One of the essential needs of Enterprise-class analytic tools is the ability to scale to large volumes of data.
DataWalk technology uses a horizontally scalable architecture for storing and processing data, with a highly standardized, universal physical data model. This universal physical model is never changed, and translates any set of business queries into a finite set of queries with exceptional efficiency. What makes it possible is a connection of characteristics of graph databases (though DataWalk does not actually use a graph database) with the efficiency and scalability of MPP system processing (Massively Parallel Processing).
A unique data storage solution enables flexible information management with the high efficiency required for deploying Enterprise-class analytical environments. PiLab’s “Abstraction Engine” technology allows users to ask any queries in business terminology, without using SQL or other programming languages. Thanks to this technology, fast, complex, multi-dimensional analyses can be done on large, multi-billion record data sets.
PiLab’s FlexStructure technology is what enables the physical structure of DataWalk data to remain unchanged, regardless of the type of implementation, business logic or objects involved. Thus, the logical data structure can be flexibly modified on the fly (i.e., a logical data model) and there is no need to introduce changes in the physical model or interrupt system operation to change this structure. As the DataWalk structure is highly standardized, data can be evenly distributed across many nodes, which enables equal distribution of computing power necessary to quickly get answers. With DataWalk, the cost of changing the model of business objects is so low that users can experiment with the logical model and modify it freely in real time (e.g., creating new connections, modifying the existing ones, or adding new sources and object descriptions).

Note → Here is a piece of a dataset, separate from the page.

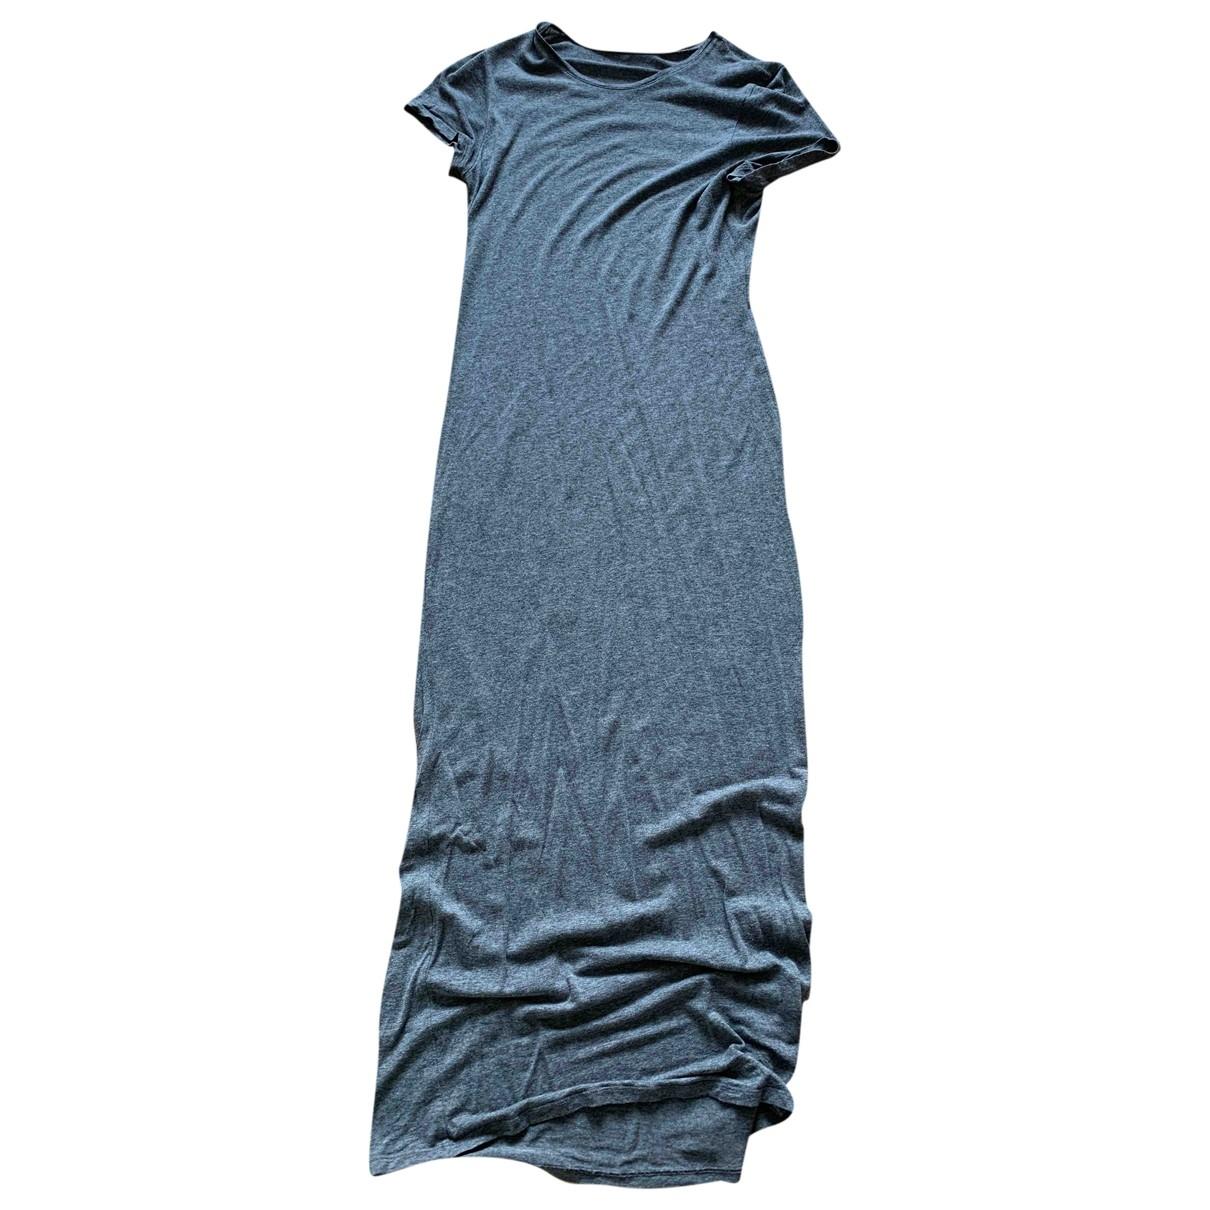 Albertine - Robe   pour femme - gris

DataWalk API – Communication
The DataWalk system is built in Java. Each component of the application has its own service (REST). Therefore, data and analyses done in DataWalk can easily be made available to other applications. For example, data can easily be exported to R for statistical or predictive analytics.
The connection to data is one of vital elements of the DataWalk technology. To retrieve information out of DataWalk, customers can take advantage of the RESTful access and JDBC / ODBC.
DataWalk Universe Viewer
The Universe Viewer, based on patented technology, provides an aggregated view of imported data sources via a graphical interface. The DataWalk Universe Viewer describes meaning, topology and data catalogs for the end user in a unique way: no additional work is necessary and both the queries and the answers received can be interpreted very easily. Further, the Universe Viewer visualizes data and connections between them. The DataWalk Universe Viewer combines a flexible analytical data model with a fully operational analytical environment where users can directly perform complex analytical queries (analyses, hypotheses) without using SQL, scripts or additional programs. The Universe Viewer allows easy identification of complex relationships between data, as well as fast and immediate filtering of n-distant (directly and indirectly connected) large data sets. Combining business modeling methods with data discovery and blending facilitates easy iteration structures and analyses. As a consequence, the integration process is several hundred times faster, and the cost of making mistakes is dramatically reduced, as compared to traditional systems.
DataWalk Link Generator
The DataWalk Link Generator calculates and stores connections on the basis of defined rules so that the system will not have to compute them each time an analysis is performed. The Link Generator enables complicated analyses to be quickly executed, based on advanced connection rules.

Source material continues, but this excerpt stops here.